Abstract:
A brush chipper for chipping wood and debris into smaller pieces. The chipper includes a feed hopper for inserting the material, and upper and lower feed rollers that prepare the material for chipping in the main body of the brush chipper by a chipper disc and bed knife. Debris that collects in a chamber below the lower feed roller is vacuumed out into the main chipper body by fan blades attached to the chipper disc. Components of the brush chipper requiring frequent maintenance, including the disc components and bed knives, are easily accessed because of hinges that allow the feed hopper and the upper body of the brush chipper to swing open.

Description:
FIELD OF THE INVENTION 
     The present invention relates to the field of general maintenance. 
     BACKGROUND OF THE INVENTION 
     Many industrial, commercial, and household applications require the breaking up of relatively large objects into smaller pieces. The reduction process is variously referred to as cutting, chipping, shredding, mulching or grinding, depending in part on the size of the end product. Cutting and chipping is historically accomplished by chippers using relatively few chipper knives mounted directly onto a rotating disc and a bed knife, and produces pieces ranging up to about 3/4 to 11/2 inches in size. 
     One of the major issues with respect to the design of such devices is maintenance. Maintenance and adjustment of chipper and bed knives can be extremely cumbersome. In many chippers, a team of two men is required to change the chipper knives, by working through holes in the side of the chipper body. Long feeler gages must be used to adjust the gap between the knife and bed knife. 
     Another issue is the design and maintenance of the feed rollers. Traditionally, dirt and trash is carried into the chipper with the in-feeding of the brush and wood. This dirt always falls into the lower feed roller. If not cleaned out, it will lock up the feed roller such that it cannot rotate. 
     To access these various components and areas, some manufacturers of the disk-style machines often hinge the upper half or quarter of the chipper body for the servicing of knives. Such machines include the Model 1230 Chipper manufactured by Vermeer and the Model 90 Brush Bandit manufactured by Bandit. However, the bed knife remains difficult to adjust. Some other manufacturers such as Carlenburg for Mittsonmurrel Drum Machines and Gravely Disk Chippers enable the servicing of knives by hinging the feed hopper or sliding the upper feed roller vertically in a slide with weights or spring down pressure. In many of these systems, replacement of the feed rollers requires one to crawl inside the machine and awkwardly perform the replacement. Morey, U.S Pat. No. 5,005,620 discloses an upper feed roller pivoted from the chipper drum center-line (called the pivoted down stream). Houston, U.S. Pat. No. 4,390,132 discloses a trailing arm that is pivoted from a point above the feed path. A hydraulic cylinder and compression spring force engagement with the tree (feed stock). To reduce the frequency of required access, most manufacturers of chippers with lower feed rollers simply place an auxiliary frame or compartment that traps the dirt and debris. 

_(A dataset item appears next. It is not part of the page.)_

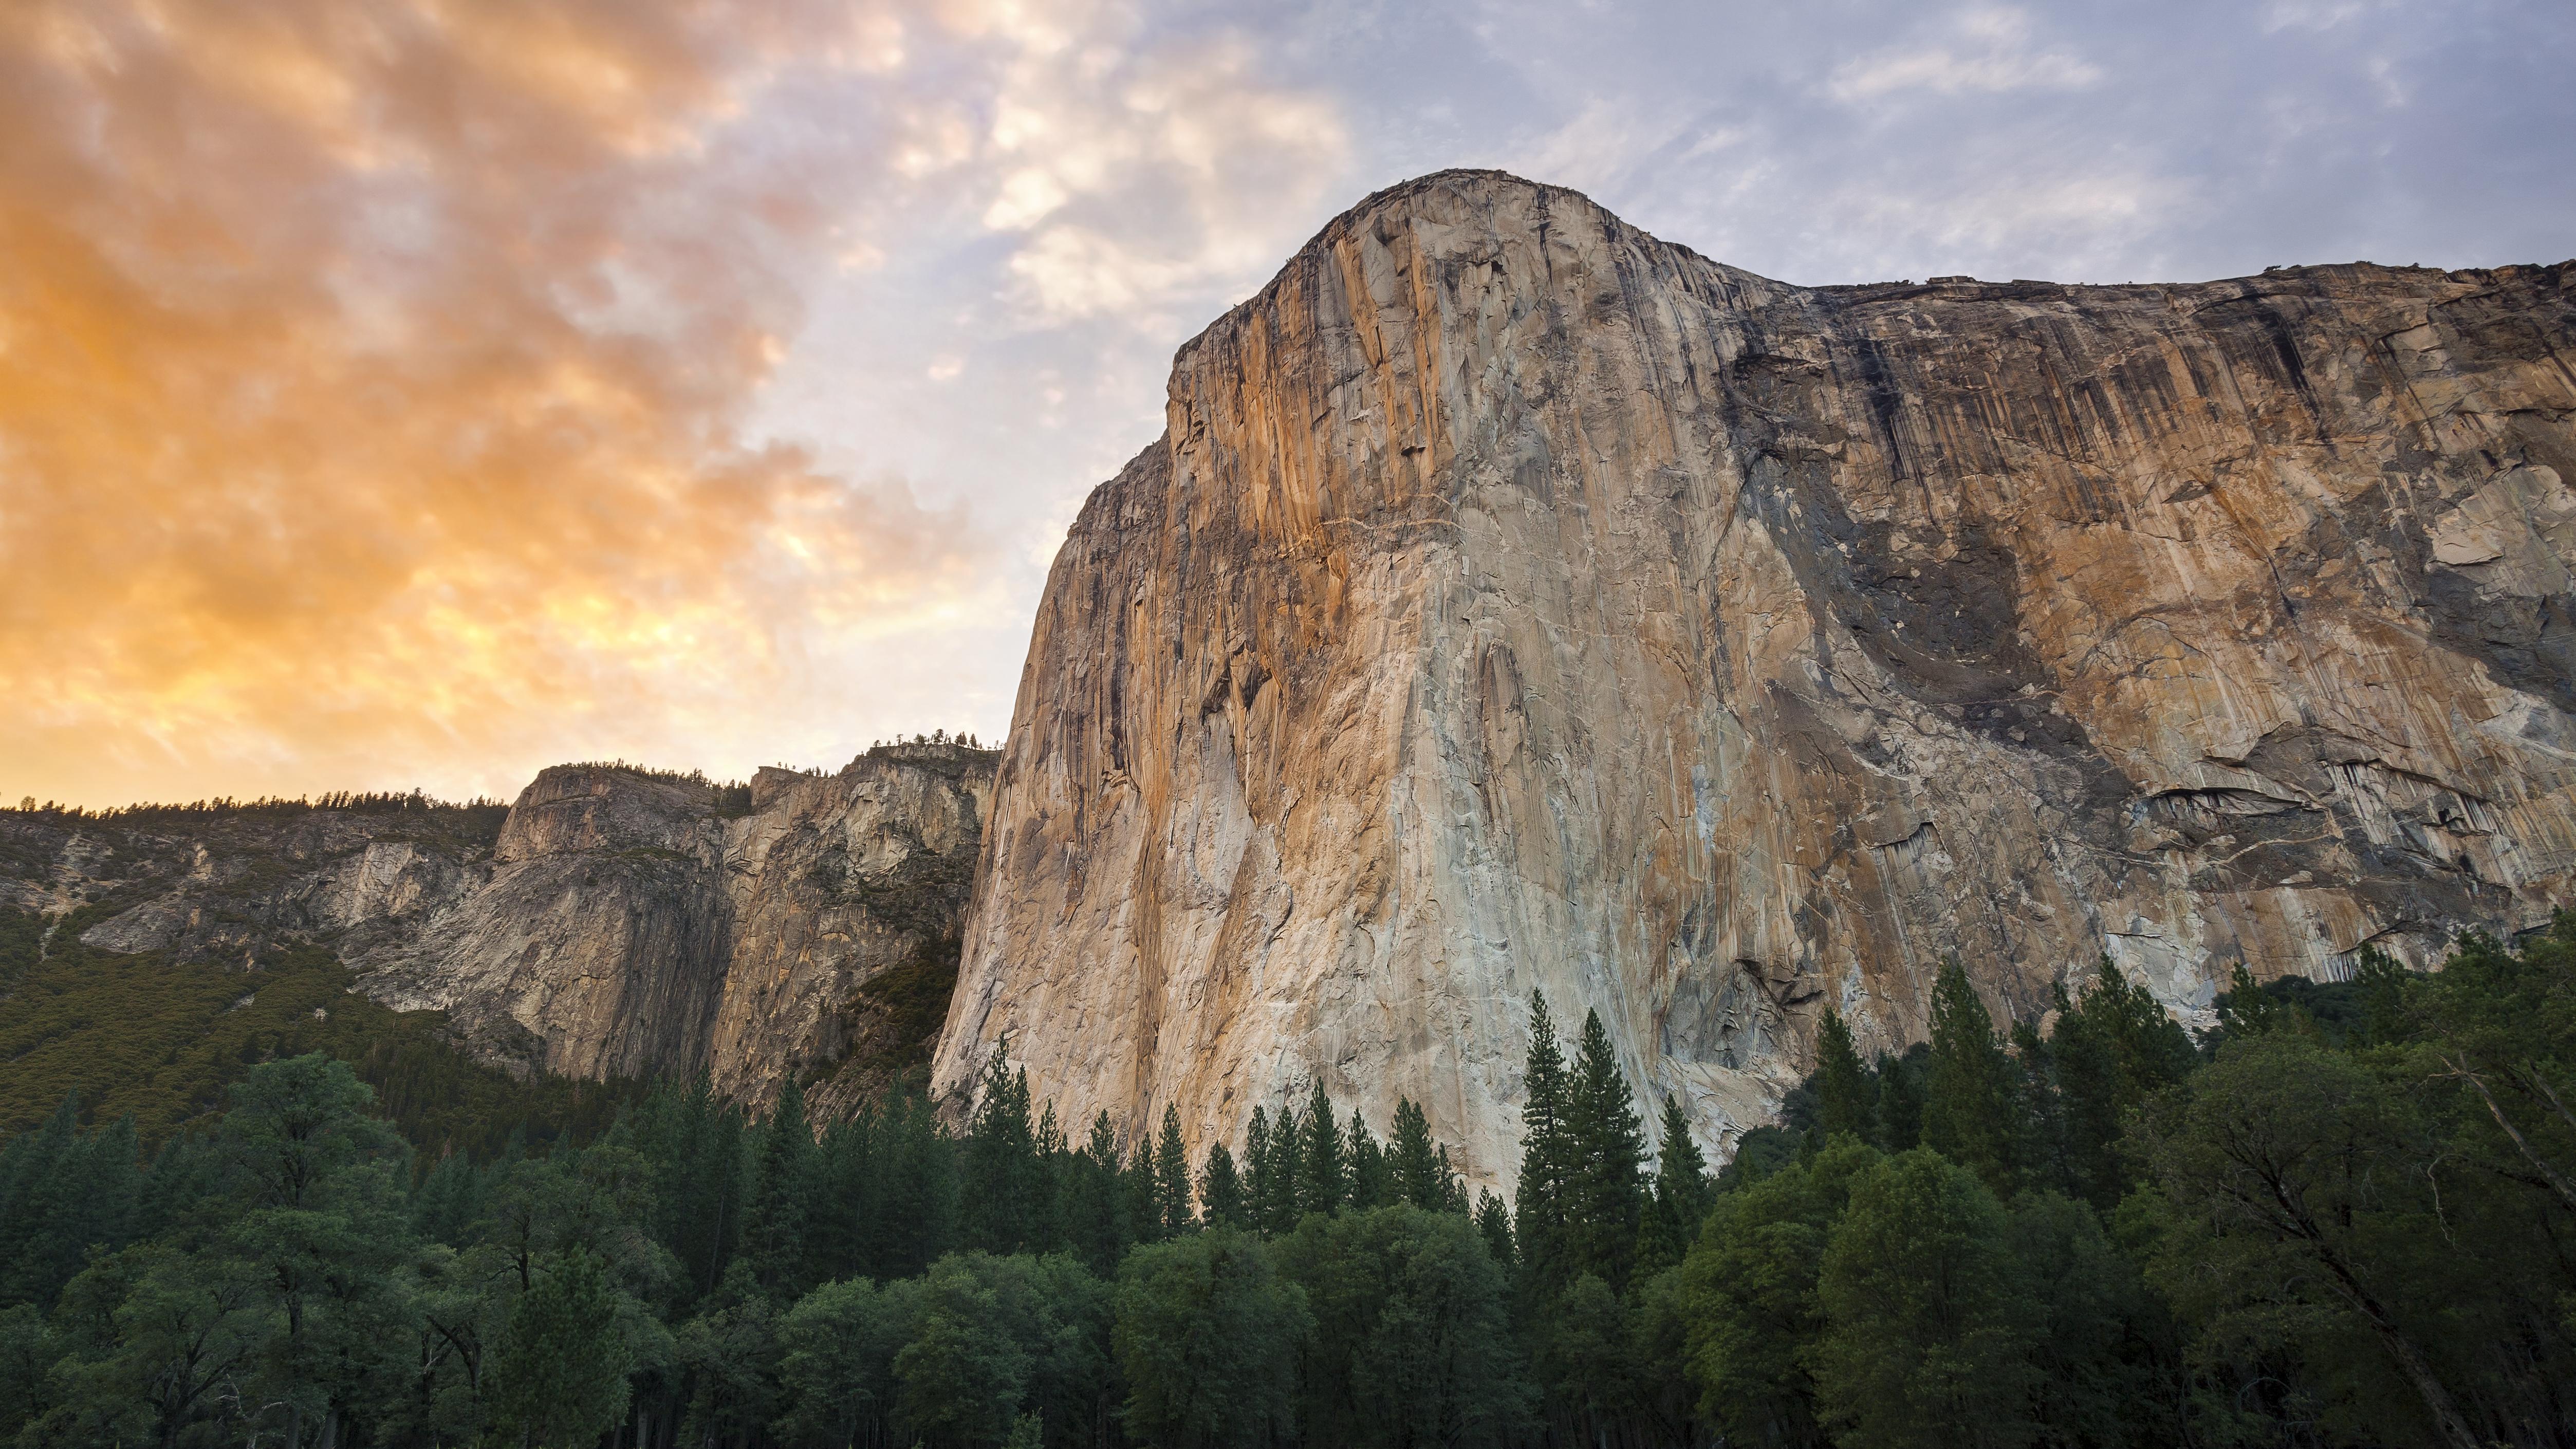 Nuovi sfondi su OS X Yosemite ora disponibili al download   macitynet 5013x2820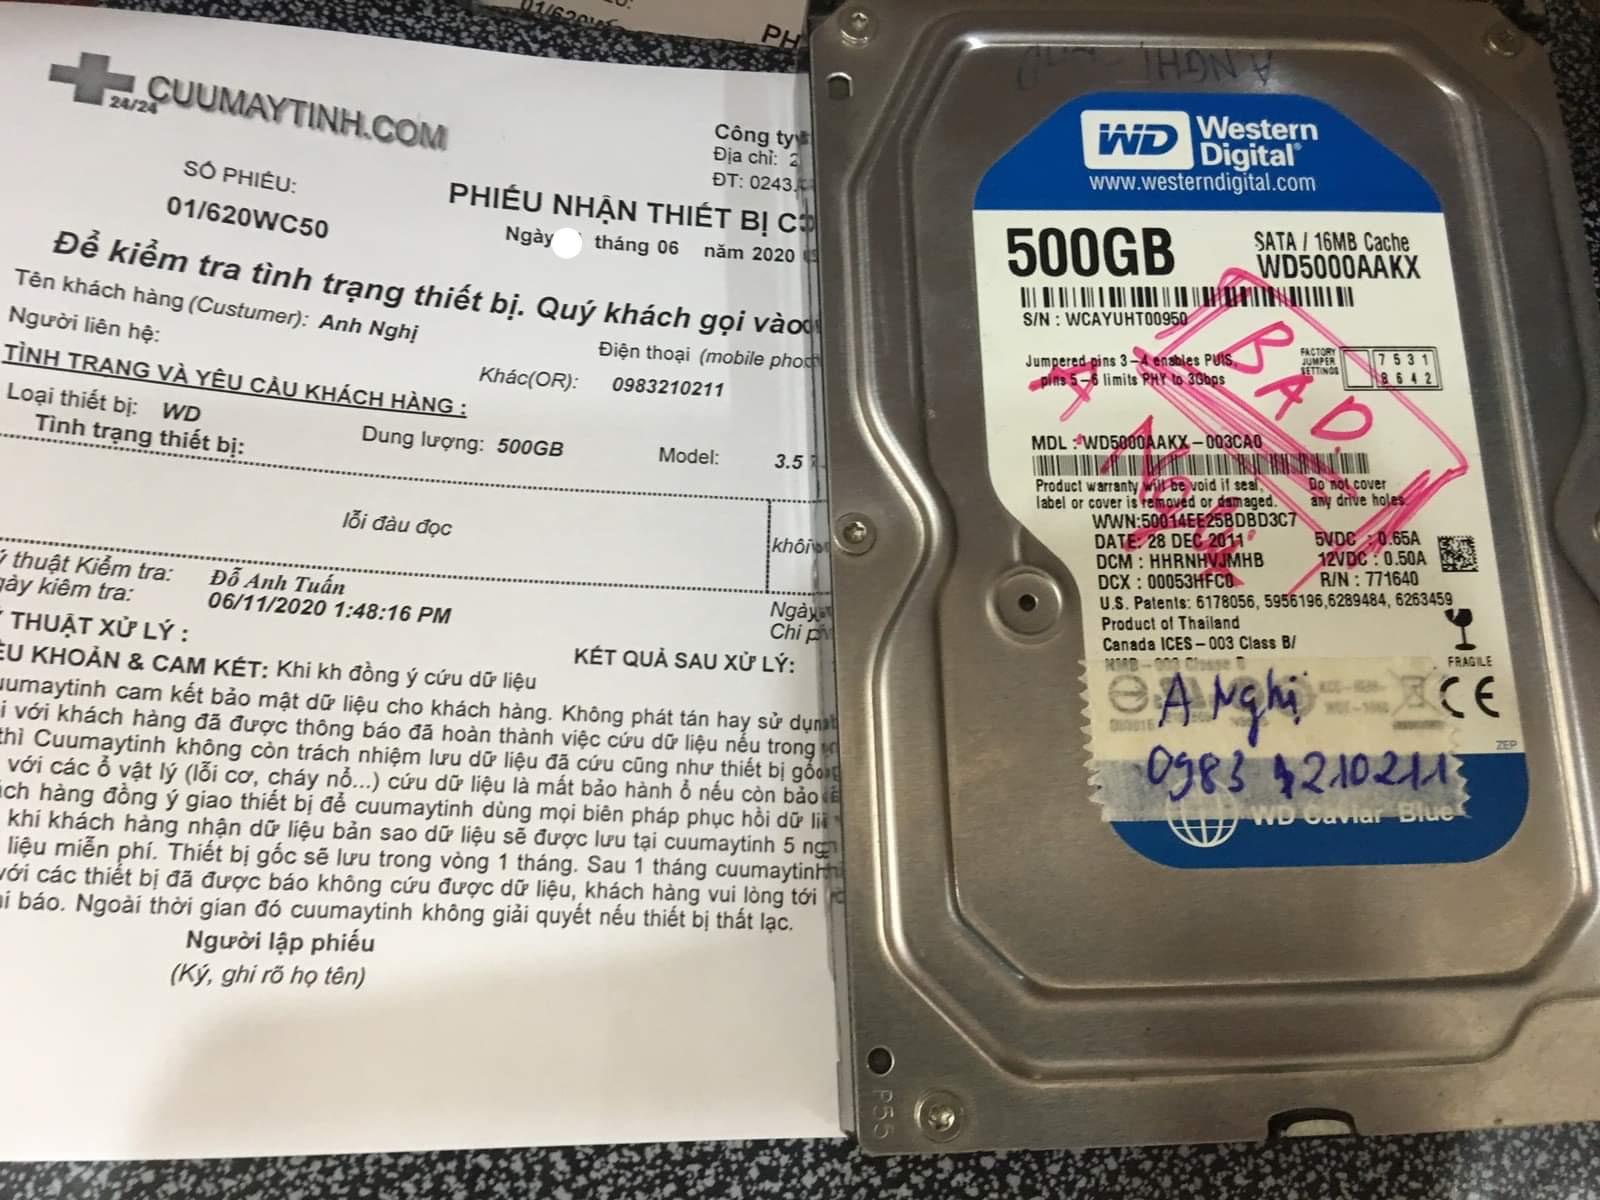 Khôi phục dữ liệu ổ cứng Western 500GB đầu đọc kém 13/06/2020 - cuumaytinh

     SUMMARY OF THE INVENTION 
     The present invention is directed, in a first aspect, to a disc-type chipper in which easy and ready access to frequently maintained areas of the chipper are enabled or made unnecessary in a novel fashion. According to the preferred embodiment, both the chipper&#39;s upper-body (to change the disks, fan blades or knife holders) and the feed hopper (to service knives and adjust the bed knife) are hinged. The chipper body is hinged horizontally to open vertically and the feed hopper is hinged vertically to open to the side. The result is that one man can change knives and adjust the bed knife in several minutes with both feet on the ground. 
     Moreover, dirt or trash carried into the feed hopper and into the feed roller housing flows through and then exits into the chipper body with the wood chips. The fan blades in the chipper design advantageously actually vacuum clean the feed roller housing. 
     The present invention is also directed, in another aspect, to a novel feed roller design in which the feed roll teeth bite into the in-feed wood stock without the need for springs or weights to maintain traction. In the preferred embodiment, the upper feed roller is mounted with the pivot point being within the feed path and not above. An arm assembly to which the upper feed roller is attached has a pivot point which lies within the in-feed path, so that the roller trails behind and below the pivot point. This enables a ratchet action that naturally increases the bit down pressure on the in-feed wood. In another novel aspect, the upper feed roller with its sharp teeth is large enough to easily climb over the irregularities that exist in the feed wood. The lower feed roller is smaller in diameter and has low-profile cleats rather than teeth. Moreover, it is mounted as close as possible to the bed knife and chipper wheel. This design reduces the friction of the wood that passes through the in-feed hopper. Finally, in another novel aspect of the invention, each roller is powered with independent hydraulic motors with flow dividers to provide independent power to each roller in both the forward and reverse directions. 
    
    
     BRIEF DESCRIPTION OF THE DRAWINGS 
     These and other aspects of the present invention will become better understood through a consideration of the following description taken in conjunction with the drawings in which: 
     FIG. 1 is an exploded perspective view of the disc chipper and attachments according to the present invention. 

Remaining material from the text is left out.